Folha de S. Paulo


Um Carnaval de vida floresce no território dos mortos em Cabul

O ponto de encontro das crianças é o túmulo de uma certa Bibi Jawaher. Ela morreu há 27 anos, a inscrição em sua lápide está tão desbotada que você tem que passar os dedos sobre ela para entender totalmente o seu nome e o ano da sua morte.

Mas a boa localização do seu lugar de descanso, em uma pequena colina no meio do vasto cemitério Kart-e-Sakhi em Cabul ocidental, dá a um grupo de jovens trabalhadores uma vista deslumbrante para potenciais clientes que visitam as milhares de sepulturas que pontilham a montanha.
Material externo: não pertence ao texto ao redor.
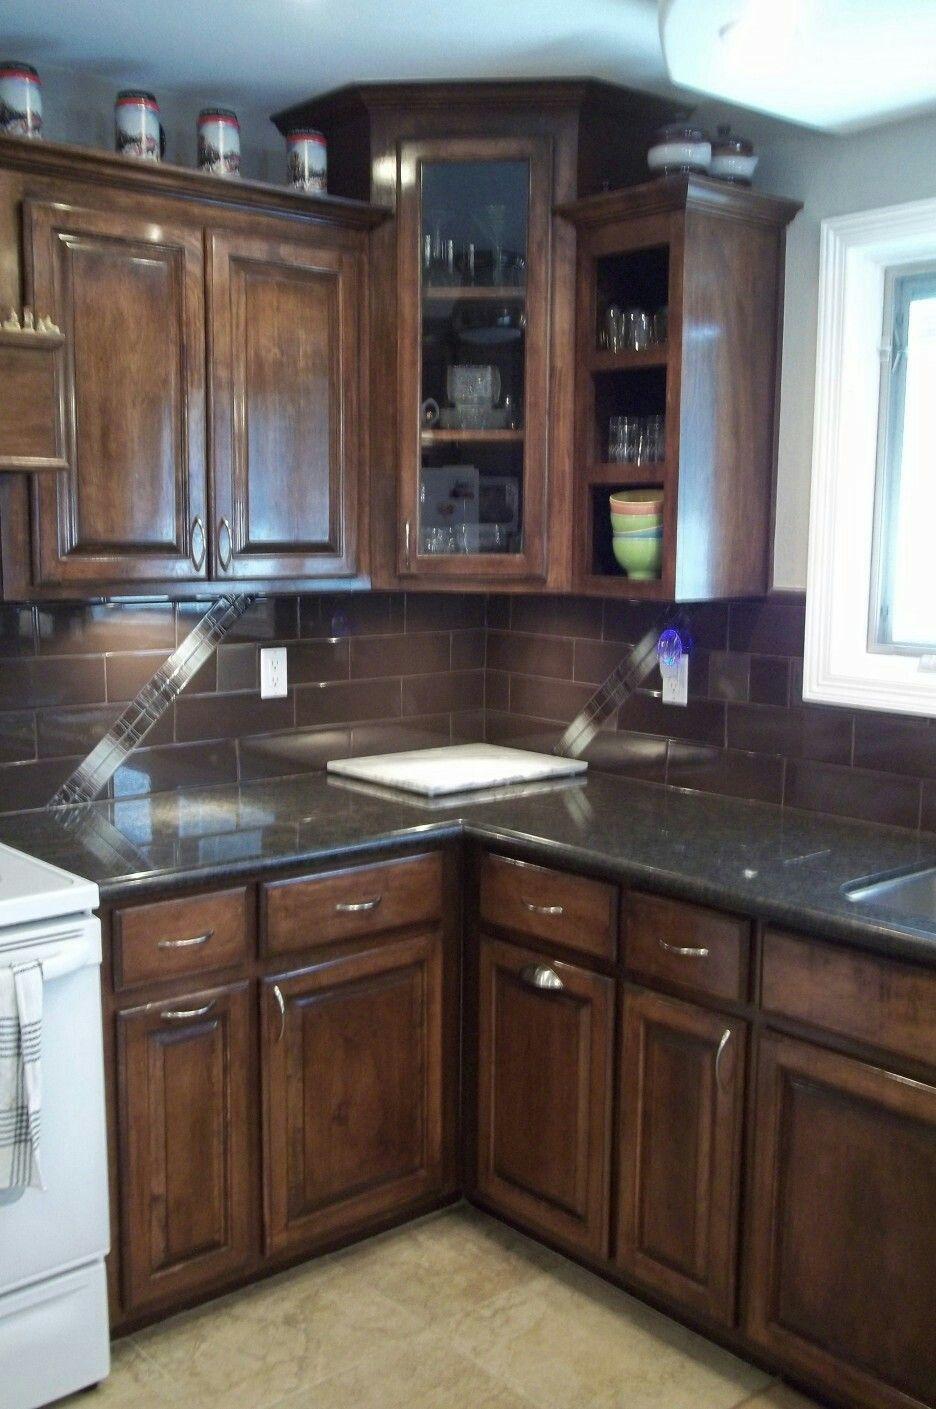 Wood Kitchen Cabinet Doors 2020 In 2020 Dark Wood Kitchen Cabinets Wood Kitchen Cabinets Glass Kitchen Cabinet Doors

Aqui está um joalheiro de meia-idade fazendo sua peregrinação semanal à mãe, que morreu de câncer; ele paga um dinheiro extra para que o túmulo dela seja lavado com a precisão de um banho de esponja. Aqui está a mãe angustiada por pesadelos de que o túmulo do seu filho de 15 anos, que cometeu suicídio depois de um fracasso amoroso, seja engolido por chamas. Ela visita o cemitério regularmente para verificar a lápide, que mostra um retrato do seu filho vestindo jaqueta e gravata, e oferece às crianças um pouco de água para ser borrifada, ritualmente, sobre o túmulo.

O ato de jogar água em sepulturas é uma tradição antiga no Afeganistão. Acredita-se que isso mantém a memória do falecido fresca e os ajuda a serem absolvidos dos pecados que cometeram em vida.

Bem sobre o corpo de Jawaher, as crianças esperam com seus baldes grandes, carregados em um poço de um santuário das redondezas e transportados em suas costas. Quando elas encontram um cliente, correm com baldes menores, muitas vezes brigando entre si pelo caminho. Mas no final elas sempre mantêm um código tácito: quando uma delas consegue um cliente, o resto se retira e imediatamente recomeça a vasculhar o lugar em busca da próxima oportunidade.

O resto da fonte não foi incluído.